The integration, launched on January 15, 2026, is Alibaba’s biggest bet yet that the future of e-commerce looks less like browsing product pages and more like telling an AI what you want and watching it handle the rest.

From chatbot to checkout counter

Alibaba’s upgrade to Qwen supports what the company calls “agentic AI,” a term that means the system can execute multi-step tasks on a user’s behalf rather than just generating text responses. Instead of suggesting you buy running shoes, Qwen can now find the shoes on Taobao, compare prices, and process payment through Alipay, all within the same conversation.

The feature set spans over 400 enabled services. That includes in-chat payments via Alipay, ordering through Taobao Instant Commerce, booking flights and hotels through Fliggy, and navigation through Amap. No app-switching required.

Alibaba VP Wu Jia framed the upgrade in terms that signal the company’s broader ambitions.

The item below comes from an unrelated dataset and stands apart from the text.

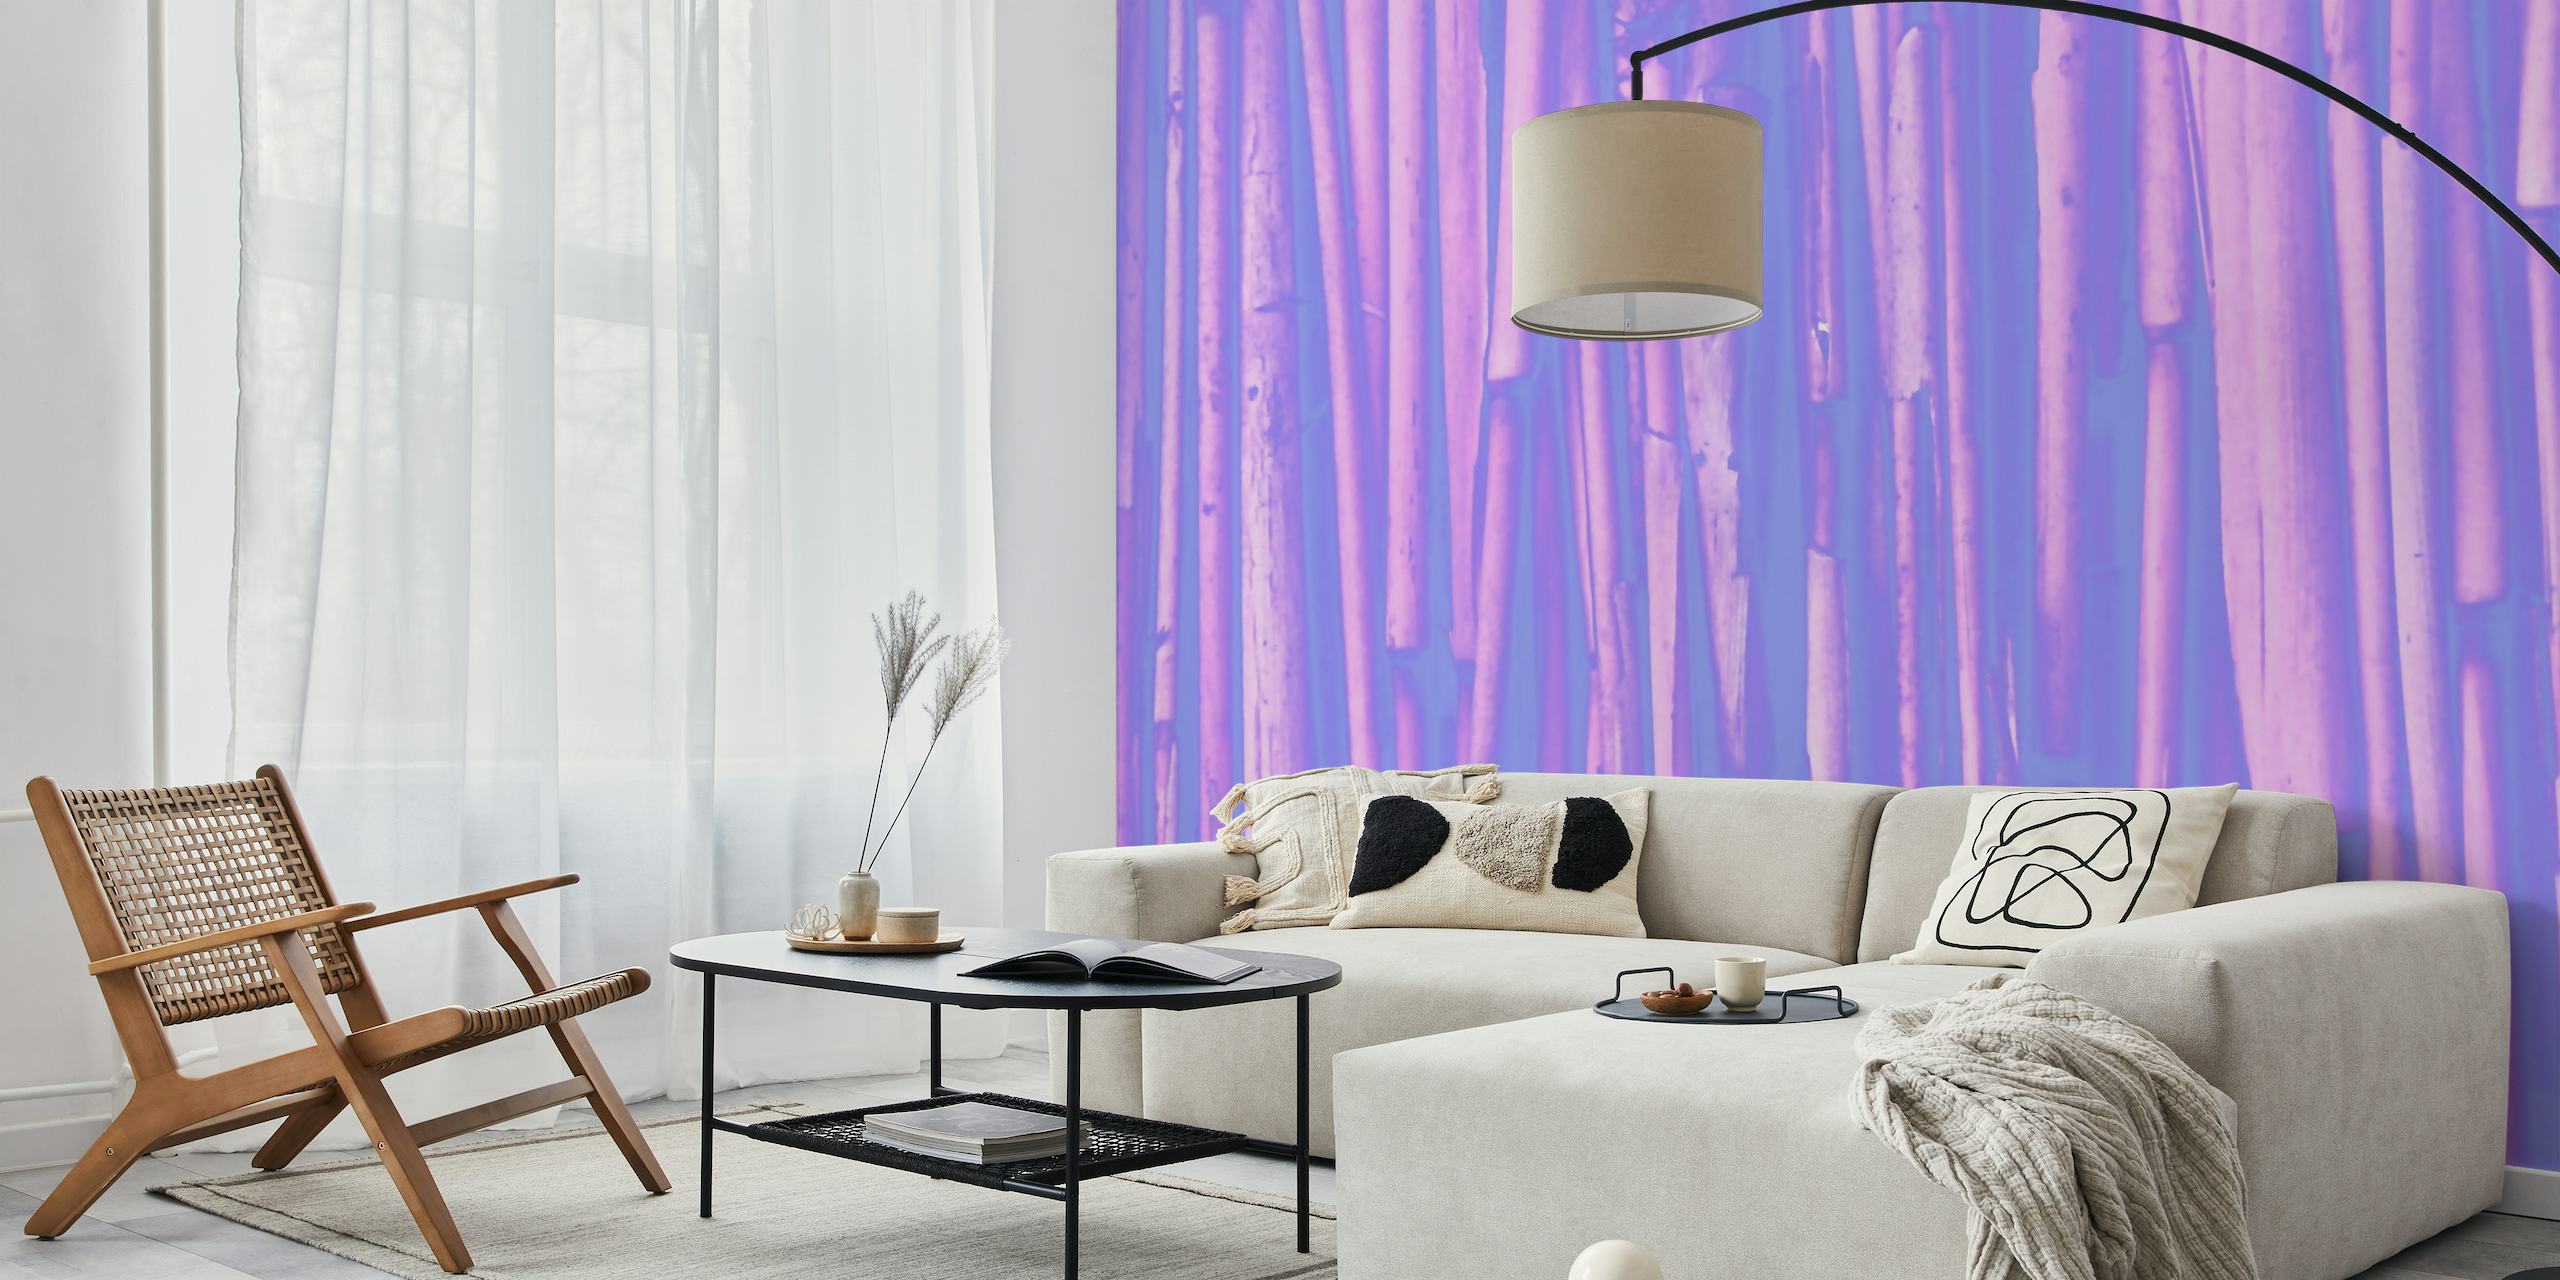 Wall mural of stylized purple bamboo canes creating a calm and elegant atmosphere.

“AI is evolving from intelligence to agency.”

A $53 billion conviction

This integration is part of Alibaba’s $53 billion investment in AI technology. The target audience is massive: Alibaba is aiming for 100 million users in China. And unlike standalone chatbots that struggle to monetize beyond subscriptions, Alibaba’s version has a built-in business model. Every transaction that flows through Qwen is a transaction flowing through Alibaba’s ecosystem.

The competitive backdrop is ByteDance, which has been aggressively expanding its own AI capabilities alongside its dominant TikTok and Douyin platforms. Alibaba’s move to embed commerce directly into its AI assistant is a clear attempt to establish a moat before ByteDance or other Chinese tech giants can do the same.